What to do:
Repeat the listing exactly. Pictures stay out of your copy.

======== Information shown ========

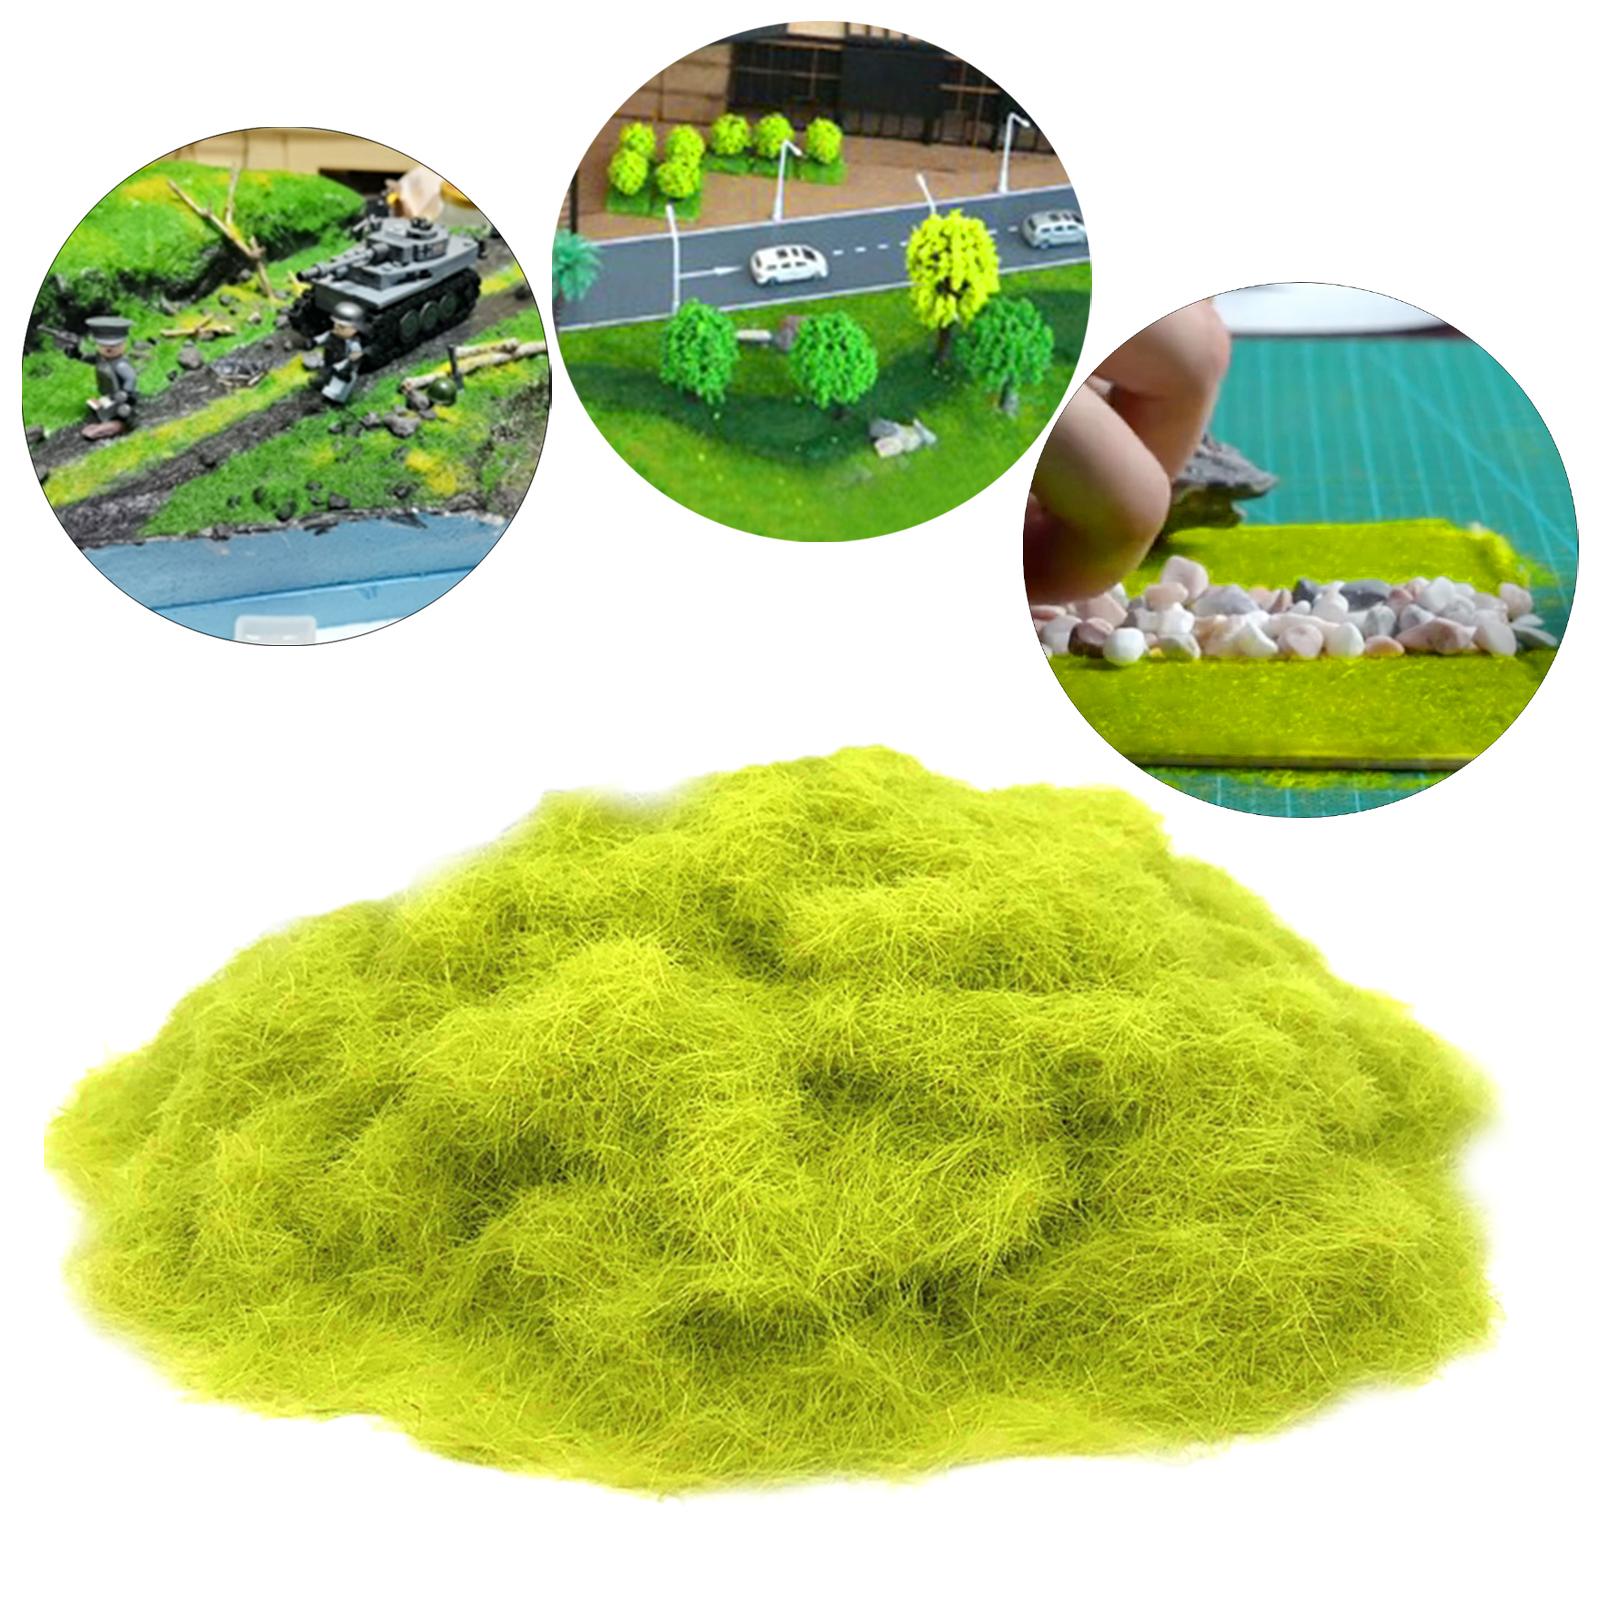 Miniature Static Grass 5mm Fairy Garden Scene Model Sand Table Grass Powder yellow-green
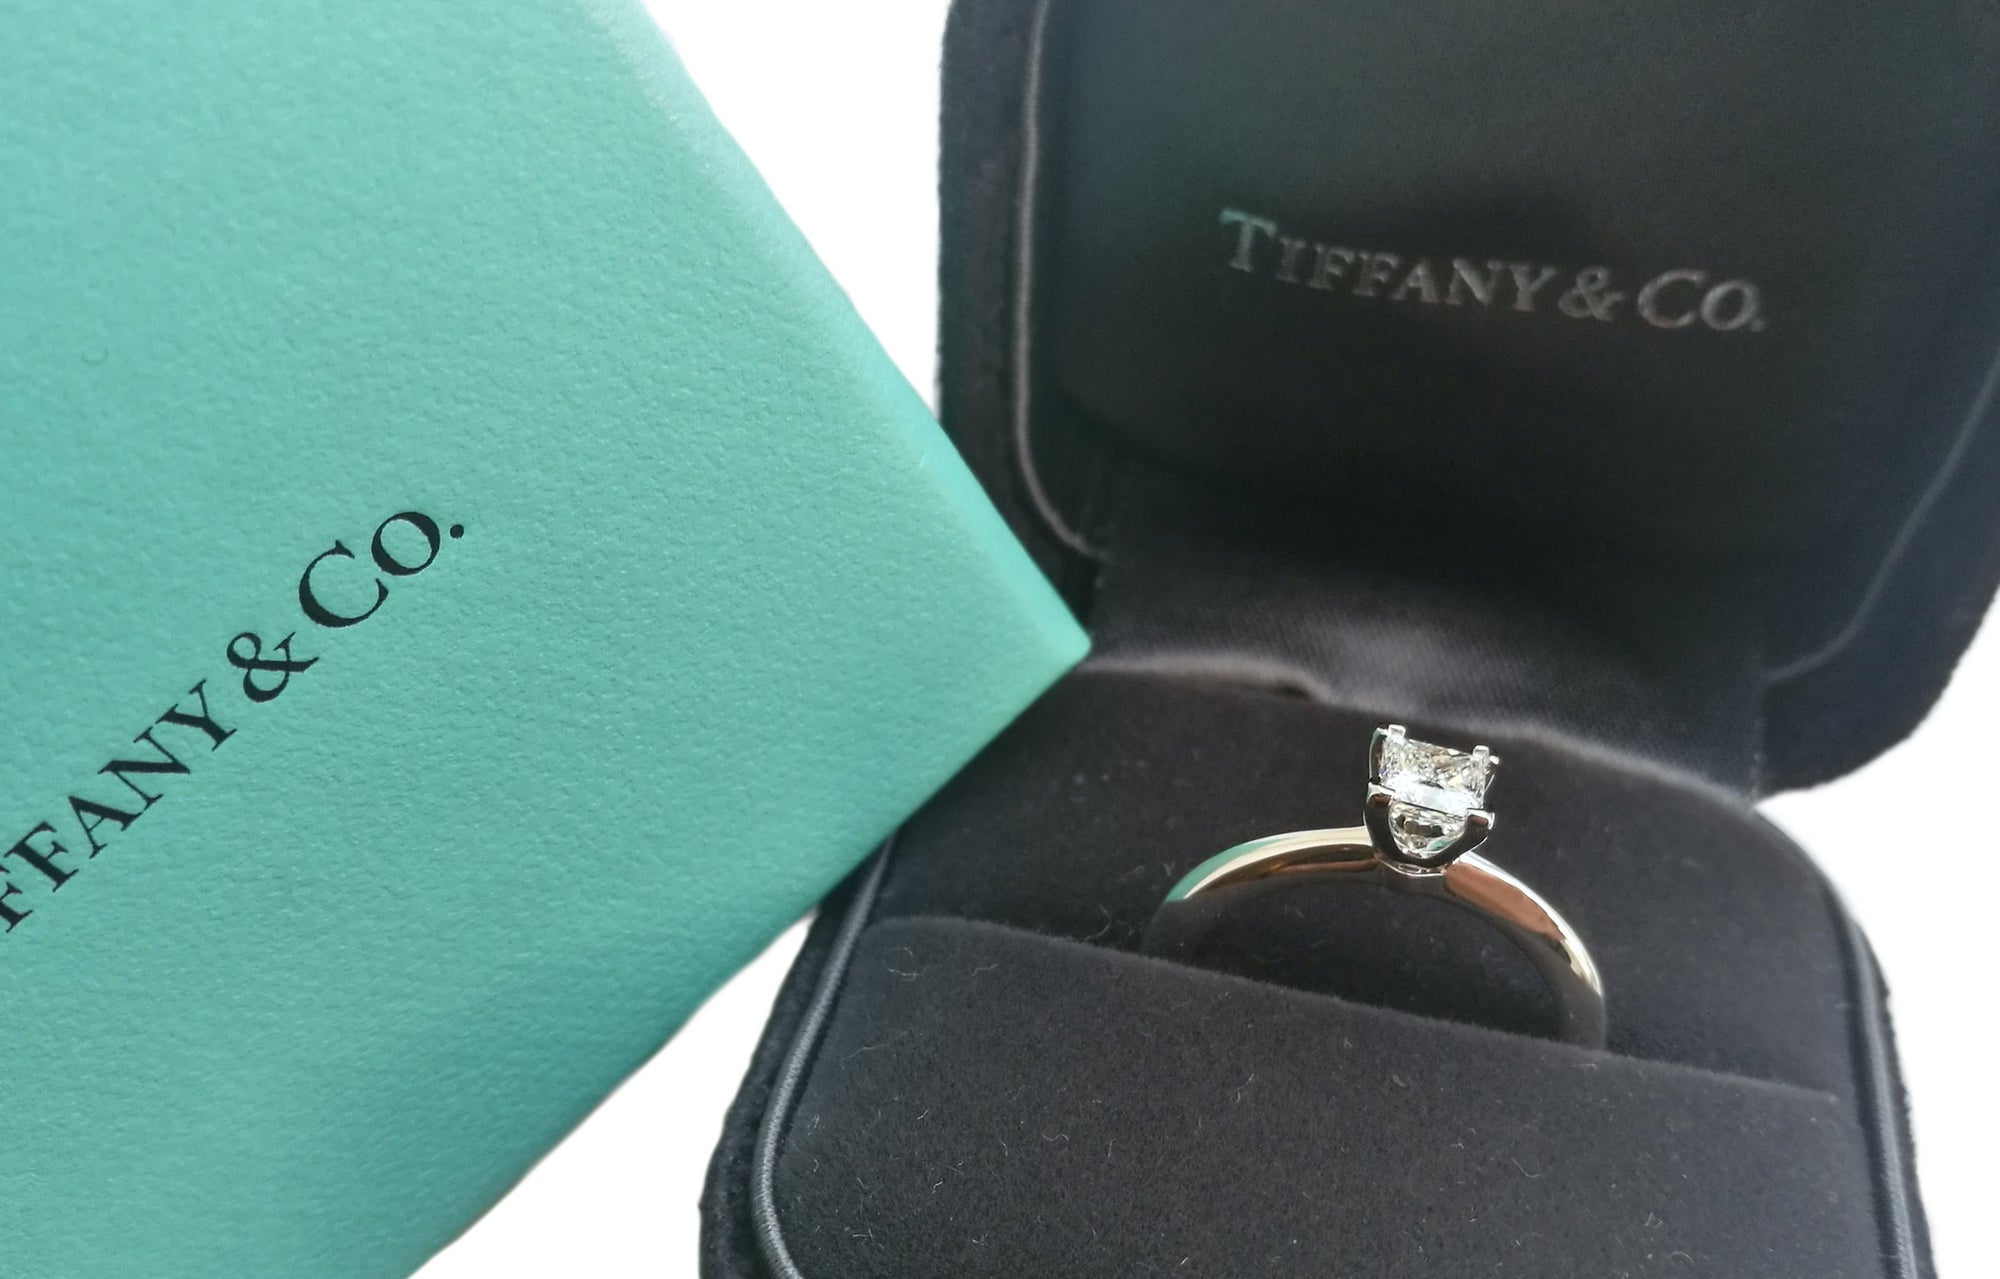 Tiffany & Co. 0.41ct G/SI1 Princess Cut Diamond Engagement Ring
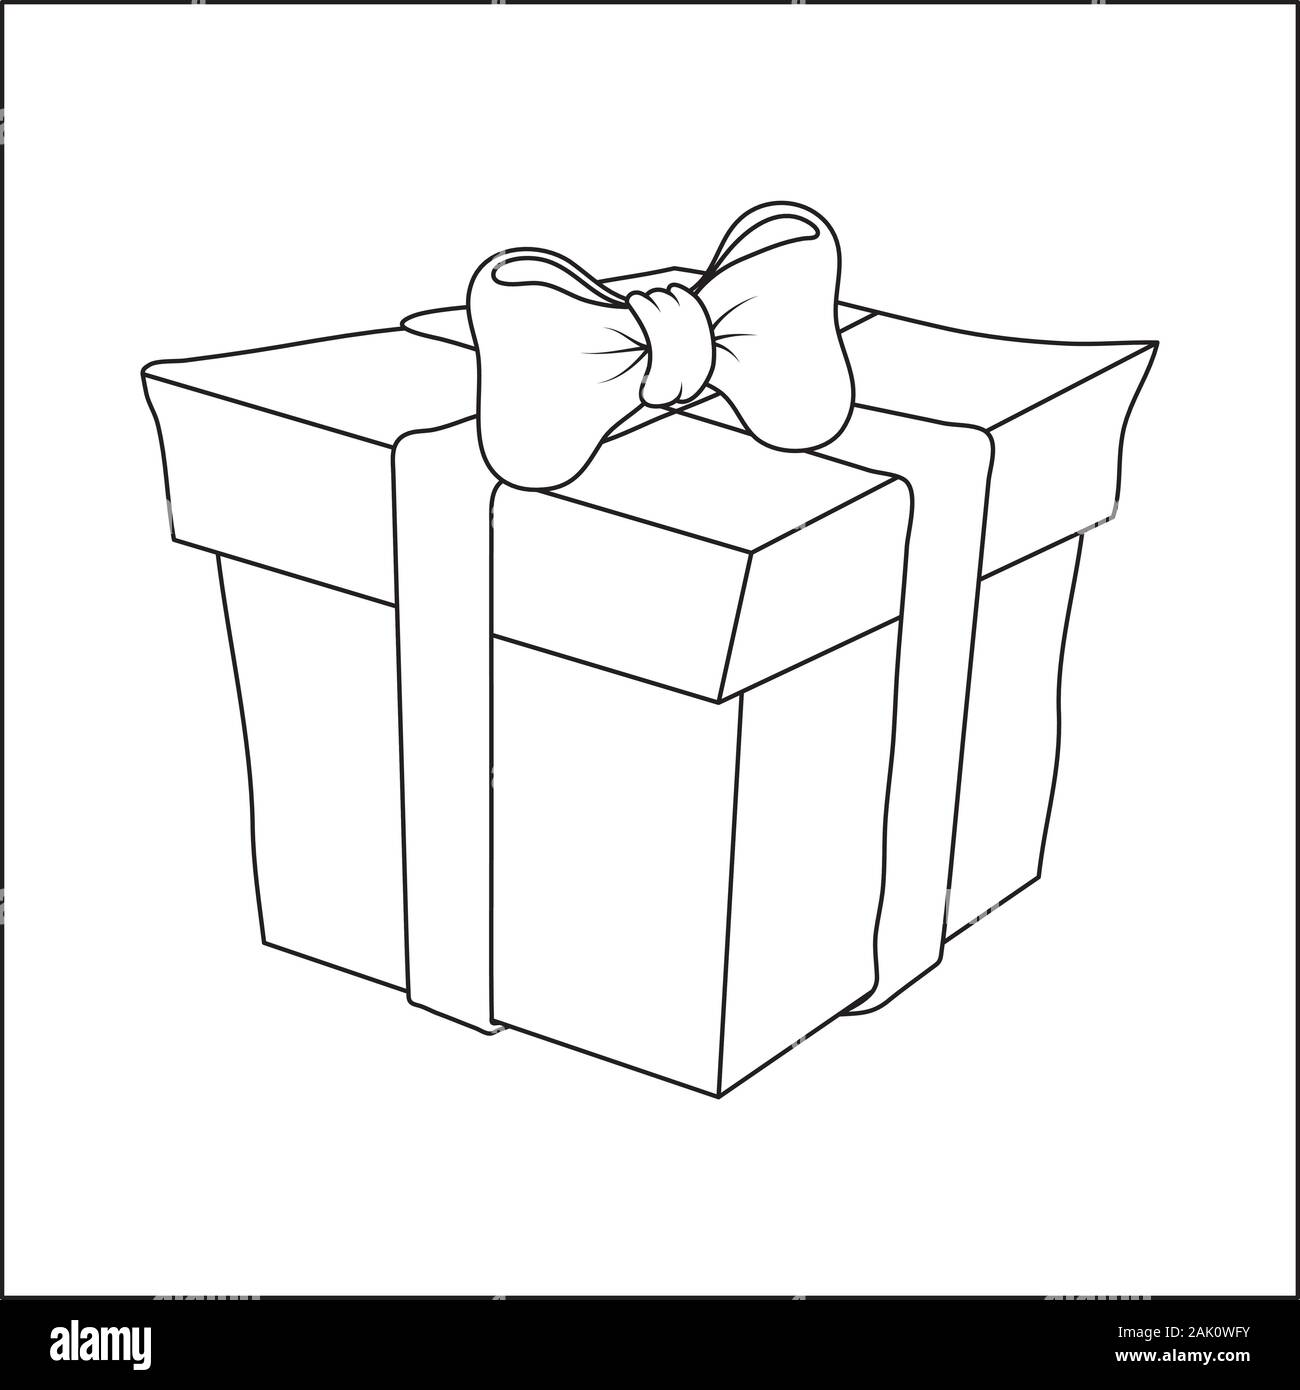 Open Box Coloring Page - Caja De Carton Para Colorear - Free

========

Solution to the problem:
 Miniature Static Grass 5mm Fairy Garden Scene Model Sand Table Grass Powder yellow-green
 Tiffany & Co. 0.41ct G/SI1 Princess Cut Diamond Engagement Ring
 Open Box Coloring Page - Caja De Carton Para Colorear - Free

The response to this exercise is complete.